ONE HUNDRED YEARS WITH THE SECOND CAVALRY
By Joseph I. Lambert, Major, Second Cavalry
Copyright 1939 Commanding Officer, Second Cavalry, Fort Riley, Kansas
Capper Printing Company, Inc.
The First Cavalry Division was ordered to make a reconnaissance toward Culpeper Courthouse on August 1 to determine the strength of the enemy in that vicinity. So sudden and vigorous was the assault upon Stuart’s cavalry that he barely escaped being captured with his headquarters. The reconnaissance was pushed forward to Brandy Station where a severe engagement took place in which the Second Cavalry took a prominent part in the charges and counter charges. Having accomplished the end sought after, Buford was forced to fall back when attacked by Stuart’s supporting infantry. In this series of fights the Second Cavalry lost seven killed, twenty-eight wounded, and five missing.
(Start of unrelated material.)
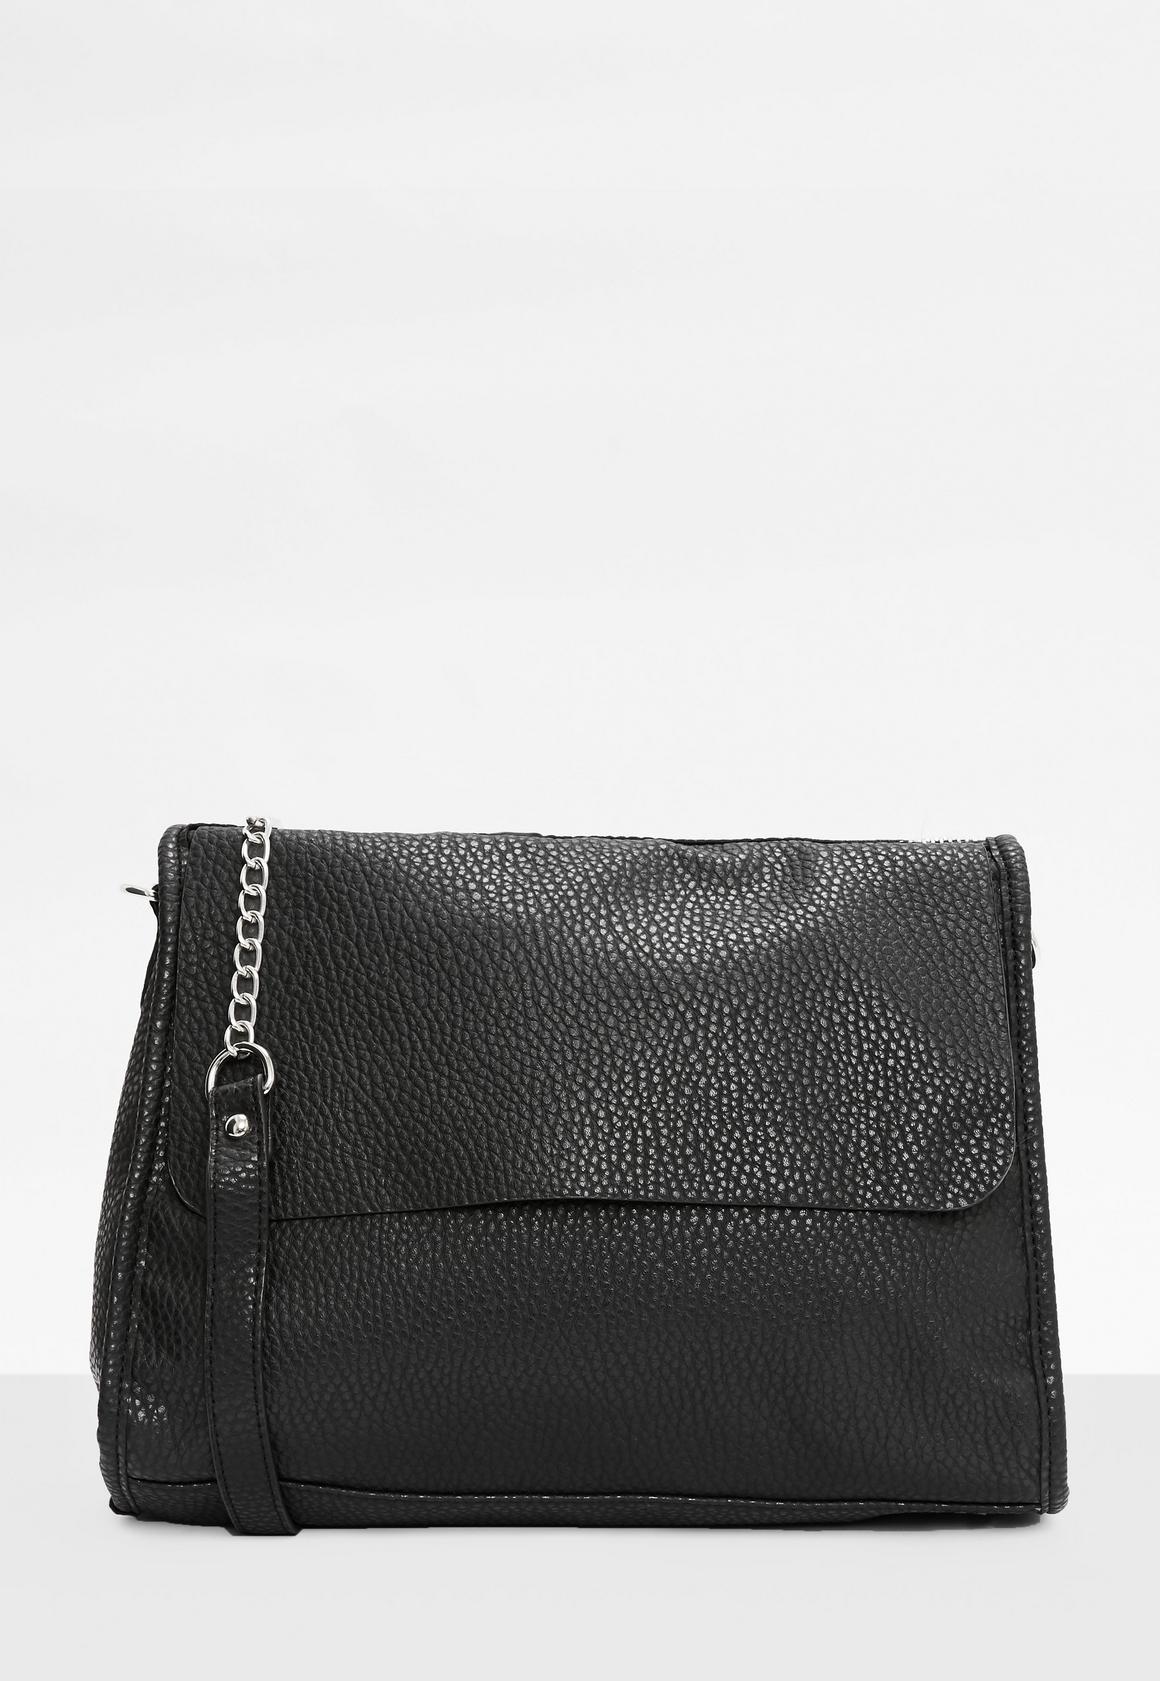 Black Chain Strap Shoulder Bag | Missguided

Merritt’s brigade was again involved in a fight at Rappahannock Station on August 5, with the Confederates as the aggressors this time. The latter, who were on a spirited reconnaissance, attacked the Union troops in their camp, but were soon repulsed and driven for three miles toward the river.
During October, 1863, the regiment turned over its horses to other units and marched to Camp Buford, Maryland, where it received new animals and a few recruits. It needed a rest badly, as it had been constantly marching and fighting for three months in one of the most severe campaigns in military history. During the greater part of this time, the command was forced to live off the country, because the rapid marches of the cavalry did not permit the supply department to keep up with the horsemen.